In the 21st century, it is hard to comprehend that a nation could be ruled by a man whose powers supersede that nation’s president, its civil government, its judiciary and its military. Iran has had only one other Supreme Leader since its founding in 1979, Ruhollah Khomeini who held the position until his death in 1989. The 1979 Islamic Revolution in Iran overthrew the Shah in order to secure greater freedom, but the Iranians ended up more servile than before.

This is who Obama and P5+1 team (France, Great Britain, Russia, China, plus Germany) is negotiating with as they move toward the March 31 deadline for the talks. Khamenei has already said that the only thing he wants is the immediately lifting of the economic sanctions that are credited with bringing the Iranians to the negotiation table.

The negotiations have to be seen in the context of Iran’s daily cries of “Death to America” and “Death to Israel.” They have to be seen in the context of a history of Iranian aggression against America and Israel that has included the bombing of our Marine barracks in Beirut in 1983, attacks on U.S. embassies and countless other examples of their bad intentions, not the least of which has been its sponsorship of two anti-Israel groups, Hezbollah in Lebanon and, to a lessor extent, Hamas in Gaza.

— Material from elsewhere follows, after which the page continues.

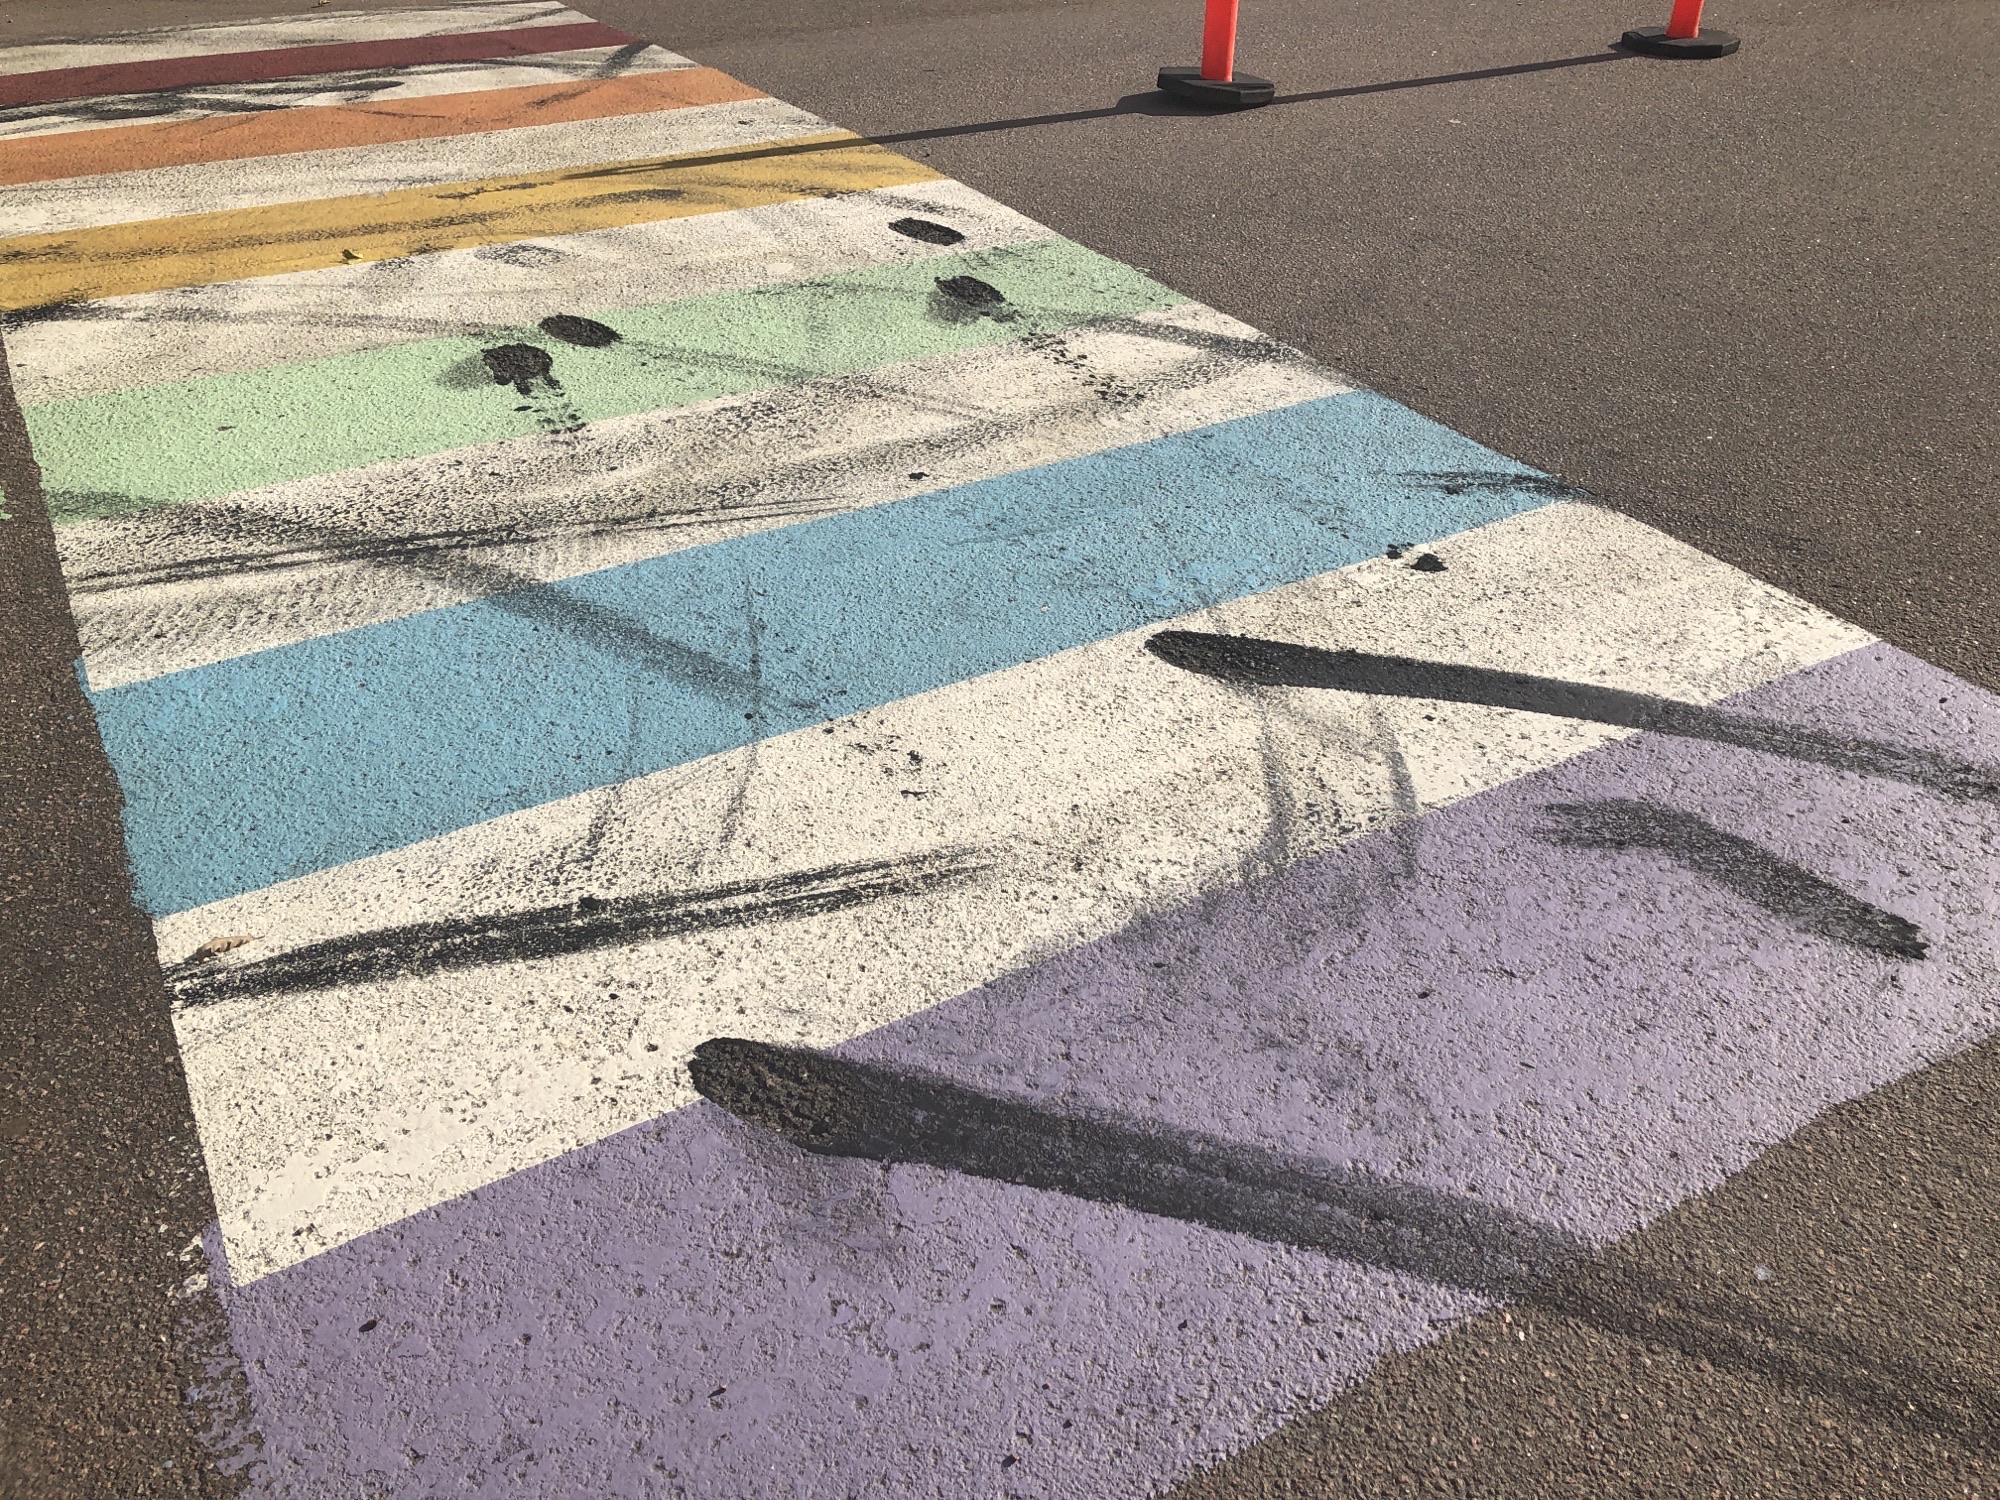 Memramcook, N.B. considers lawsuit over Pride crosswalk vandalism

Any nuclear deal that permits Iran to continue to enrich enough uranium to make its own nuclear weapons is a very bad deal. Netanyahu came to the U.S. at the invitation of Congress to make that point as the leader of the nation the Supreme Leader intends to destroy. We would be next.

All this is just slightly insane when one considers that President Obama has been obsessed with reaching an agreement with Iran before and since he took office in 2009. He has done everything possible to demonstrate his desire to remove the obstacles to conferring approval on Iran. In the process, he has made us look and be weak.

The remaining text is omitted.